Shape the future of AI evaluation by designing and building core infrastructure for testing and measuring large language models. You'll work across the stack to create reliable, high-performance systems that support structured experimentation and real-time analytics.
What You’ll Do
- Develop and maintain scalable APIs using Django Ninja and build responsive user interfaces with Next.js and React.
- Design intuitive workflows for managing experiments, including input handling, evaluation logic, and multi-provider execution.
- Build interactive dashboards that surface key insights such as rating trends, regression patterns, and compliance metrics.
- Enhance a Python-based SDK to streamline integration into AI development pipelines, enabling seamless experiment creation and result retrieval.

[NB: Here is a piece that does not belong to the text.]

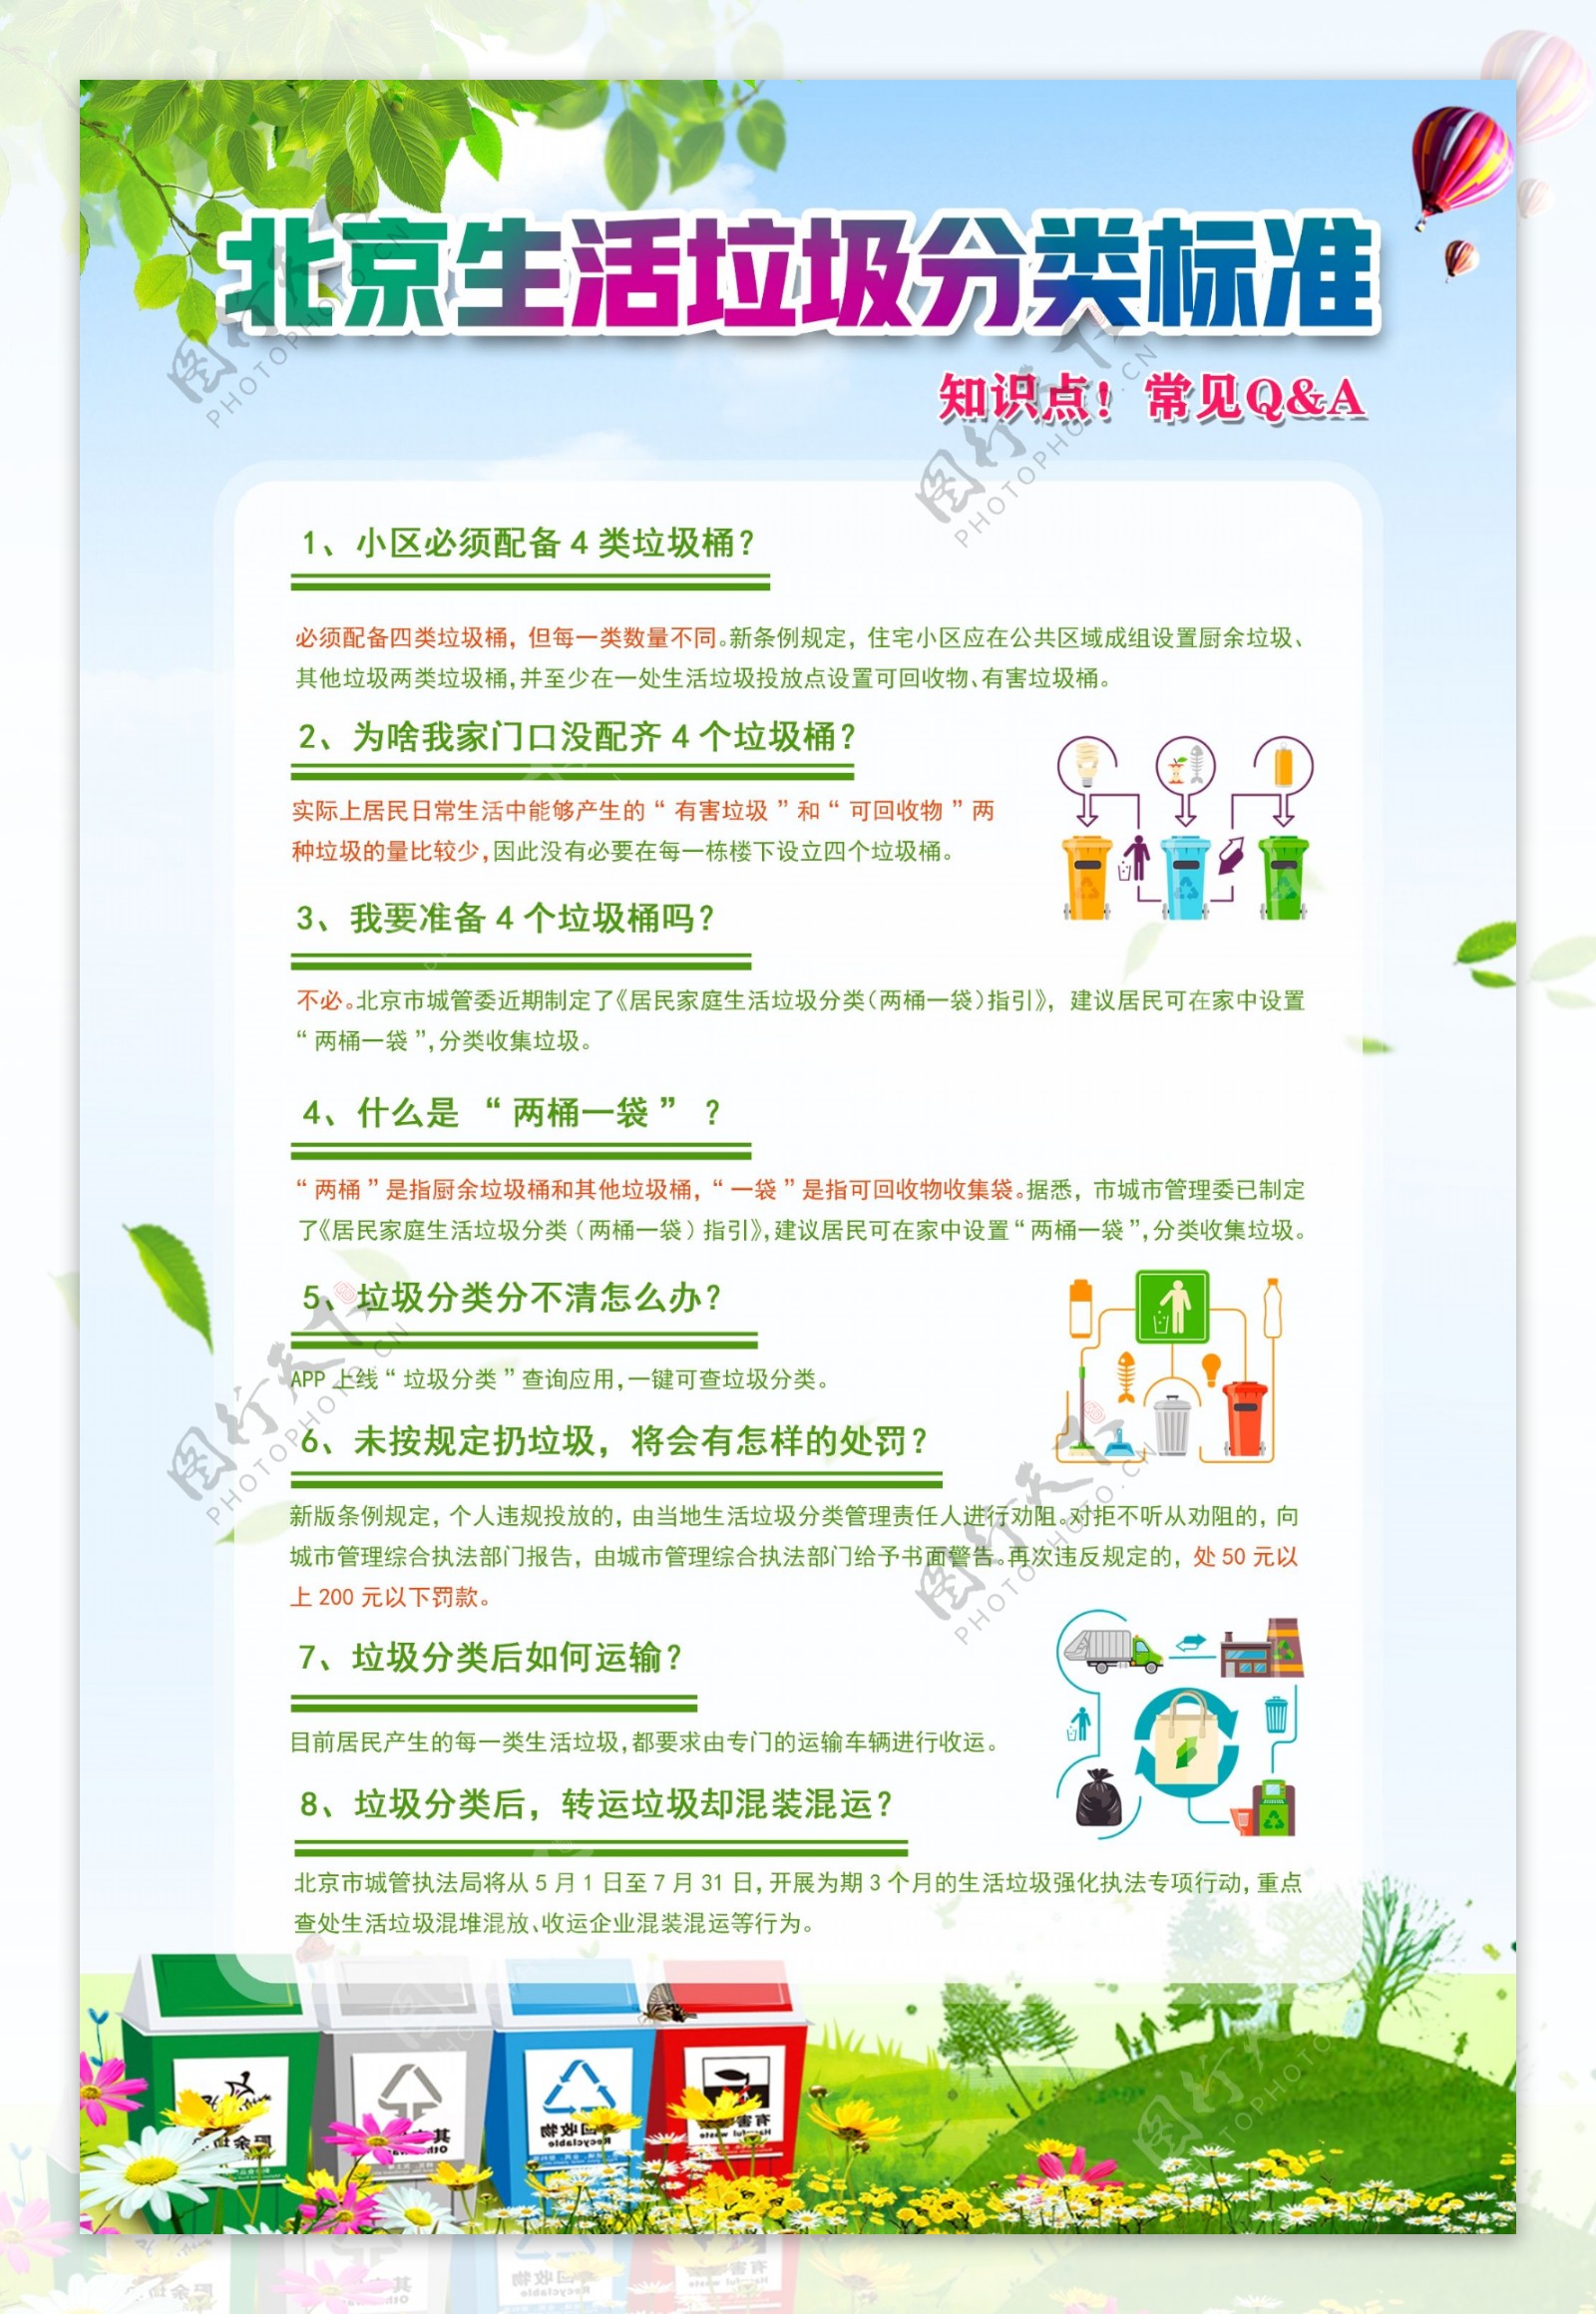 北京生活垃圾分类标准

- Optimize asynchronous processing, database queries, and containerized deployments to support high-volume evaluation workloads.
- Collaborate on user experience decisions that make batch testing, scheduling, and team reviews accessible and efficient.
- Improve code quality through robust CI/CD pipelines, containerization practices, and architectural consistency.
- Explore practical applications of emerging AI technologies to enhance developer tooling and evaluation accuracy.
What We Need From You
- Proven experience shipping end-to-end features using modern web frameworks like React, Next.js, Django, or FastAPI.
- Strong foundation in software engineering principles—API design, data modeling, testing, and performance optimization.
- Familiarity with Docker, Kubernetes, and CI/CD workflows.
- Interest in AI and its role in software development workflows.
- Ability to work on-site at least three days per week in Berlin or Bremen, with initial travel to Bremen for onboarding.
- Fluency in English (B2 or higher).
- Valid authorization to work in the EU.
What Sets You Apart
- Hands-on experience with LLM applications, evaluation frameworks, or developer SDKs.
- Background in building data-intensive dashboards or working with async task queues like Celery and PostgreSQL at scale.
- German language proficiency.
- Experience with privacy-conscious or on-premises deployment scenarios.
Technology Stack
Python, Django, Django Ninja, React, Next.js, PostgreSQL, Docker, Kubernetes, Celery, LLM providers, CI/CD pipelines
Why This Matters
You’ll have full ownership of critical features, working closely with AI researchers and ML engineers to solve complex challenges in distributed systems and real-time tracking. Your work will directly influence how teams evaluate, refine, and deploy AI applications.
Compensation includes a competitive salary and participation in a Virtual Stock Option Program (VSOP), giving you a tangible stake in the company’s growth. You’ll also get fast access to cutting-edge AI tools, modern hardware, and a productive work environment designed to support innovation.
Work Environment
This is a hybrid role requiring at least three days per week on-site in either Berlin or Bremen. The Bremen office offers waterfront views, refreshments, and even a boat onsite. A new Berlin office opens in late 2025. Initial onboarding includes travel to the Bremen headquarters.
Our Culture
We value engineering excellence, ownership, collaboration, and continuous learning. We embrace diverse perspectives and are committed to building an inclusive environment where innovation thrives. If you're passionate about AI infrastructure and want to help define industry standards, this is your opportunity to grow with transformative technology.